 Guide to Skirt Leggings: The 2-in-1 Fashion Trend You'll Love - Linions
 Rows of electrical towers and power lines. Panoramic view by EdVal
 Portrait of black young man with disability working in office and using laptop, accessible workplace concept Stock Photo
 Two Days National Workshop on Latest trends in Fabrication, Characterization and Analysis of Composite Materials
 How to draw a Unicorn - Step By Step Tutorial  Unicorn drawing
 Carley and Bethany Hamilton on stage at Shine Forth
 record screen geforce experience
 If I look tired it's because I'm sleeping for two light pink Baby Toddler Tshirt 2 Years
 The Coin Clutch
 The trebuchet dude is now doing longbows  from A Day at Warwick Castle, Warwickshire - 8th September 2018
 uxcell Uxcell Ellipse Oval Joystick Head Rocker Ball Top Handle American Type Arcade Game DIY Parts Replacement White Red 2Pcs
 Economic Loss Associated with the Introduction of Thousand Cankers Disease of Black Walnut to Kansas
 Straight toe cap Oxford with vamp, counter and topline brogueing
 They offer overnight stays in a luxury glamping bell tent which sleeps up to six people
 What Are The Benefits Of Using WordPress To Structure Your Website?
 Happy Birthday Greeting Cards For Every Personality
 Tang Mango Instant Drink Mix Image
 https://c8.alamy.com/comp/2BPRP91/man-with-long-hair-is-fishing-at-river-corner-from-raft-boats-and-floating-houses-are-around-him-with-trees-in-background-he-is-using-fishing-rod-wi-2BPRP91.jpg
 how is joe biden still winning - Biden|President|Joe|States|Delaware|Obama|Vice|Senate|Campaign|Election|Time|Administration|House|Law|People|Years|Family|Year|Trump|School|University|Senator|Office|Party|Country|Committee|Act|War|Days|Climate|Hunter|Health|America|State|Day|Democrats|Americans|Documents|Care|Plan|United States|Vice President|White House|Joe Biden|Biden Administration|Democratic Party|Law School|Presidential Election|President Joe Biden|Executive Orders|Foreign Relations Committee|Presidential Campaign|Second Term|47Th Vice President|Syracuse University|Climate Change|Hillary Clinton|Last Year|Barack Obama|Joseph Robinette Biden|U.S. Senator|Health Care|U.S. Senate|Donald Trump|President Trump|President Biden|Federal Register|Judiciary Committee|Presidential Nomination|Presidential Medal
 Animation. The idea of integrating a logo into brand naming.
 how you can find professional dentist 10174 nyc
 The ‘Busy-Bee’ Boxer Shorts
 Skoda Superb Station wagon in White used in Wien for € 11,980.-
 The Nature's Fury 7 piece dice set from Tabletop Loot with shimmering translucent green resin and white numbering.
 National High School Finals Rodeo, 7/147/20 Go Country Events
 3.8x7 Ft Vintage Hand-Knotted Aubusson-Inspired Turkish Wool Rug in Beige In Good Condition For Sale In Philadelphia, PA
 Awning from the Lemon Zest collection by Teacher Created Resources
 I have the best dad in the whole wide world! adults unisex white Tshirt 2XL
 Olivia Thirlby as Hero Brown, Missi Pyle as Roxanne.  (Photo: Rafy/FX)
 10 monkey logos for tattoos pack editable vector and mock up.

# # # # # # #

EXERCISE PROMPT: Print exactly the lines above, starting at the line that contains "how is joe biden" and ending with the last line of the records, both included.

OUTPUT FOR THIS TASK:
 how is joe biden still winning - Biden|President|Joe|States|Delaware|Obama|Vice|Senate|Campaign|Election|Time|Administration|House|Law|People|Years|Family|Year|Trump|School|University|Senator|Office|Party|Country|Committee|Act|War|Days|Climate|Hunter|Health|America|State|Day|Democrats|Americans|Documents|Care|Plan|United States|Vice President|White House|Joe Biden|Biden Administration|Democratic Party|Law School|Presidential Election|President Joe Biden|Executive Orders|Foreign Relations Committee|Presidential Campaign|Second Term|47Th Vice President|Syracuse University|Climate Change|Hillary Clinton|Last Year|Barack Obama|Joseph Robinette Biden|U.S. Senator|Health Care|U.S. Senate|Donald Trump|President Trump|President Biden|Federal Register|Judiciary Committee|Presidential Nomination|Presidential Medal
 Animation. The idea of integrating a logo into brand naming.
 how you can find professional dentist 10174 nyc
 The ‘Busy-Bee’ Boxer Shorts
 Skoda Superb Station wagon in White used in Wien for € 11,980.-
 The Nature's Fury 7 piece dice set from Tabletop Loot with shimmering translucent green resin and white numbering.
 National High School Finals Rodeo, 7/147/20 Go Country Events
 3.8x7 Ft Vintage Hand-Knotted Aubusson-Inspired Turkish Wool Rug in Beige In Good Condition For Sale In Philadelphia, PA
 Awning from the Lemon Zest collection by Teacher Created Resources
 I have the best dad in the whole wide world! adults unisex white Tshirt 2XL
 Olivia Thirlby as Hero Brown, Missi Pyle as Roxanne.  (Photo: Rafy/FX)
 10 monkey logos for tattoos pack editable vector and mock up.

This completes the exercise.